4. Judaism was a tiny persecuted minority under the Roman empire and subsequently. Its priests and rabbis had no power to enforce anything beyond their small group. They appear to have practiced some astrology but its details are sketchy.
5. The development of the tropical zodiac took place over several centuries; namely because during the Age of Aries (BC) the differences between the sidereal and tropical zodiacs were negligible given the imprecision of astrological/astronomical calculations. An astrological interpretation offered at the cruder level of a planet in a sign affords a lot of wiggle room that an astrology based upon a planet at a particular degree does not. Ptolemy, for example, based his aspects upon the position of signs, not degrees.
6. As the discrepancy bectween the tropical and sidereal zodiacs became increasingly apparent, western astrologers used the tropical zodiac because it (a) more closely approximated their seasons in the northern hemisphere; and (b) enabled them to retain their astrological lore derived from assuming zero degrees Aries as the vernal equinox point.
7. Scholars of antiquity freely borrowed from one another, with or without attribution. When one scholar was aware of the works of another, he was free to discard it, use it or build upon it.
8. Ptolemy was a Roman citizen living Egypt and a pagan. He wrote at a time (2nd century AD) when the influence of the infant, persecuted Christian church was negligible. Moreover, corrections to his work started immediately and notably among Arab astronomers of the early middle ages. (Hey, he wrote in the 2nd century AD, a period of fairly primitive astronomical instrumentation.) The idea that he faced punishment for his work has zero basis in historical evidence.

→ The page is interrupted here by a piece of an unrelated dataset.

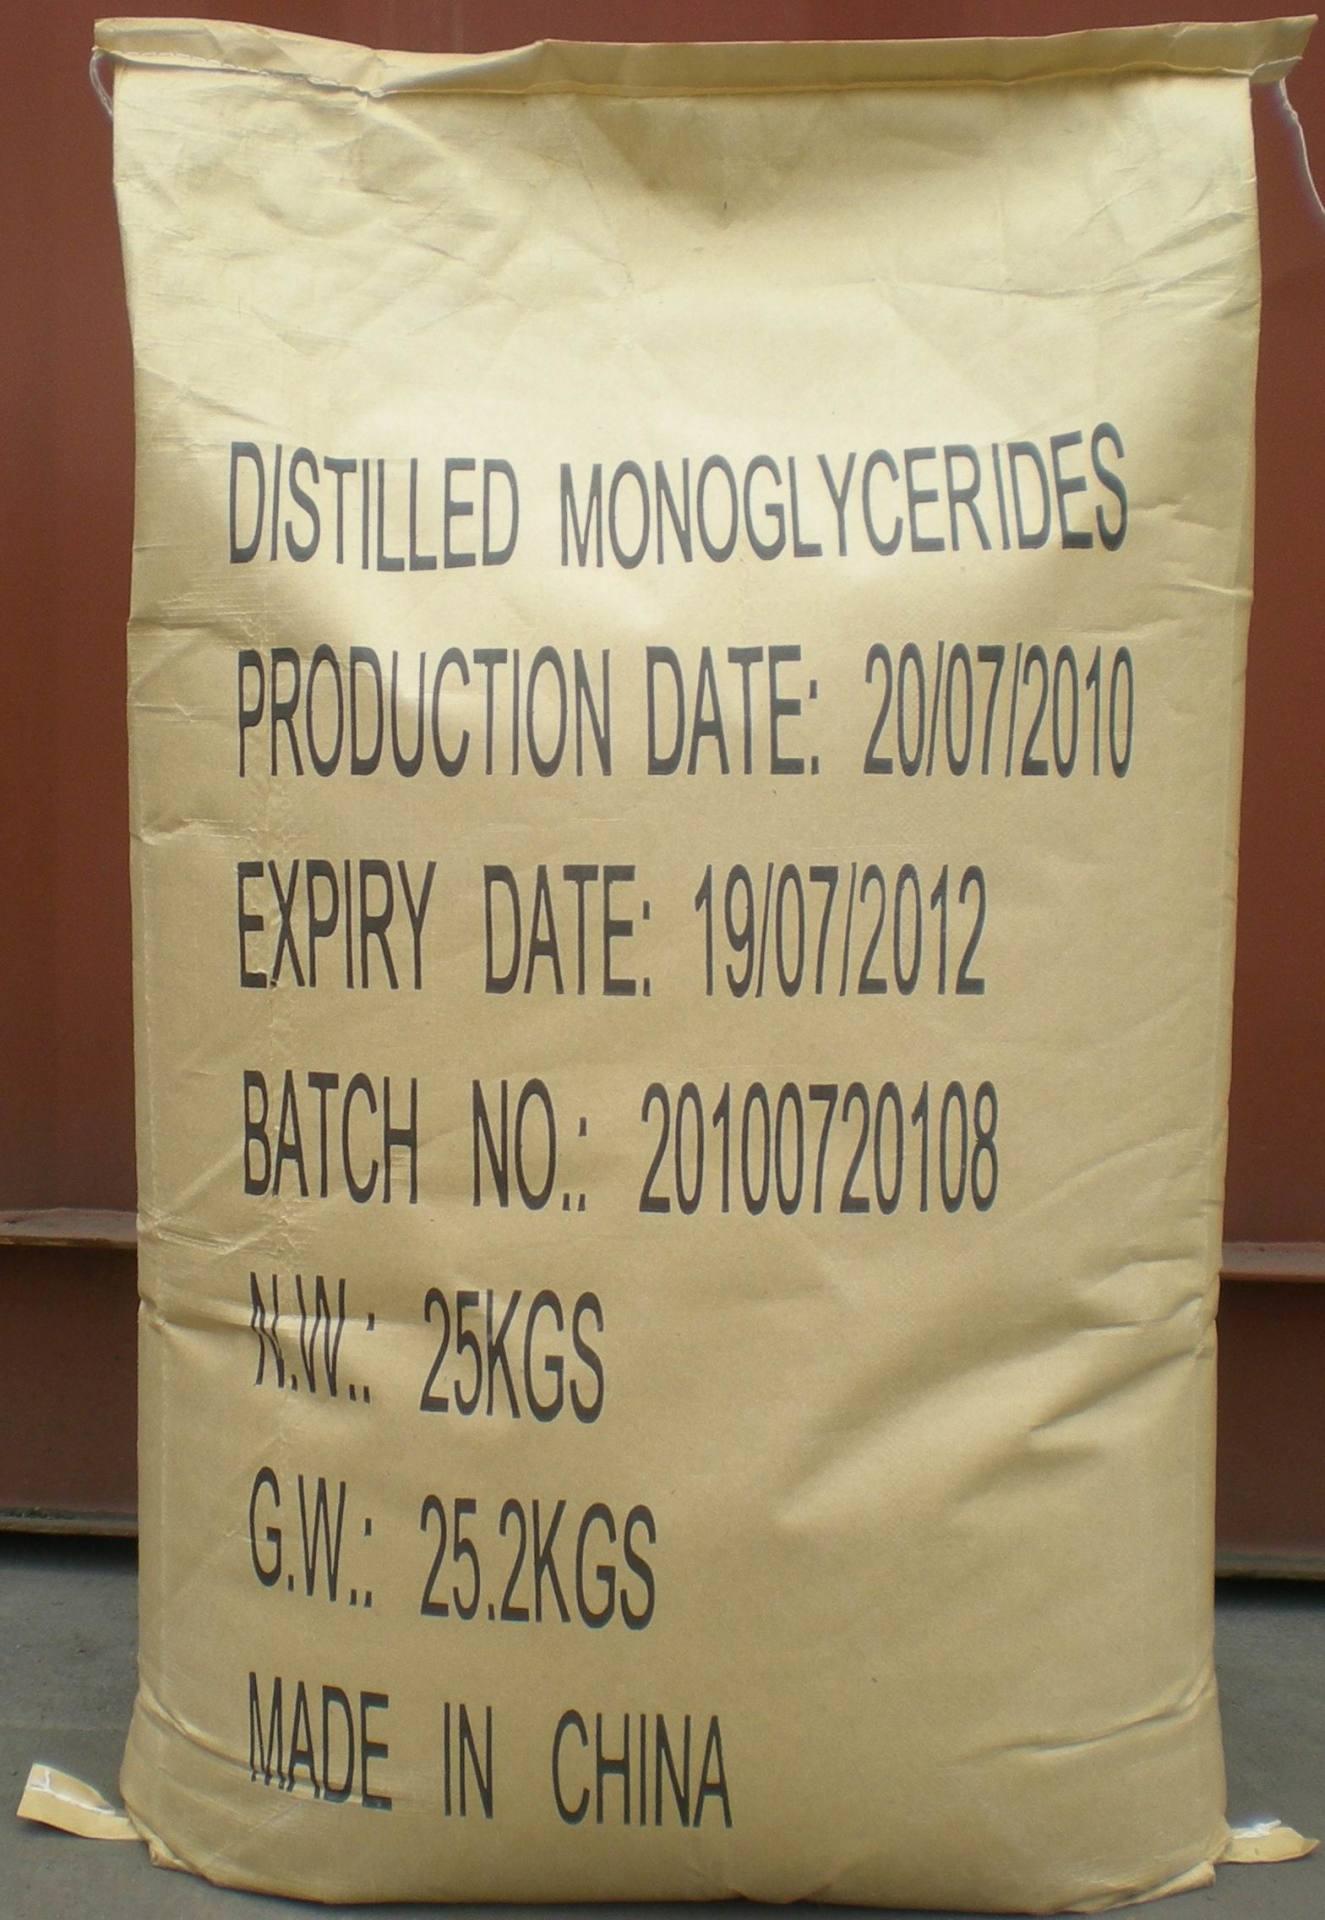 Distilled Monoglycerides Industrial Grade

9. Astrology flourished under early Islam, as these scholars translated the Greek texts, made more detailed star catalogues, and added their own insights to the classical works. Islamic astrologers were not living in Christendom and the influence of Christianity on their astrology was neglible. During the Middle Ages and Renaissance, western astrologers obtained classical pagan astrological works via the Arab world.
7. By late antiquity, the tropical zodiac was the normal one used in the West. (See also Rhetorius The Egyptian, Astrological Compendium, early 6th century, who starts out his book with the rationale for the tropical zodiac.)
8. Astrologers use the geocentric solar system, not because they don't know about the heliocentric solar system, but because of the rationale of the geocentric system for astrological purposes. Astrology looks at the influence of heavenly bodies on earth-people.
9. We are all clear on the differences between the sidereal and tropical zodiacs, signs vs. constellations, and on the precession of the equinox.
10. 30 degree signs in the sidereal system do not coincide sufficientlyclosely with constellations to argue that the sidereal system is purely constellation-based. The constellation Virgo occupies portions of 3 signs. Aries doesn't touch the ecliptic and occupies much less than 30 degrees. Portions of the ecliptic have no zodiacal constellations covering them. Several constellations overlap, such as Capricorn and Aquarius, and Scorpio and Sagittarius.
11. Right now, tropical signs are about 27 degrees out of synch with sidereal signs. If you have planets in the first three degrees of a tropical sign, it will be in that sign in the sidereal system.
12. As the church did become powerful in Europe, it exhibited an on-again, off-again relationship with astrology. Many astrologers were members of the clergy, as they were among the few people who were literate and could do the math. See Nicholas Campions' books here. The church did not persecute anybody for believing in a heliocentric solar system prior to the Renaissance, because it took the work of Nicholas Copernicus in the early 16th century to make this case.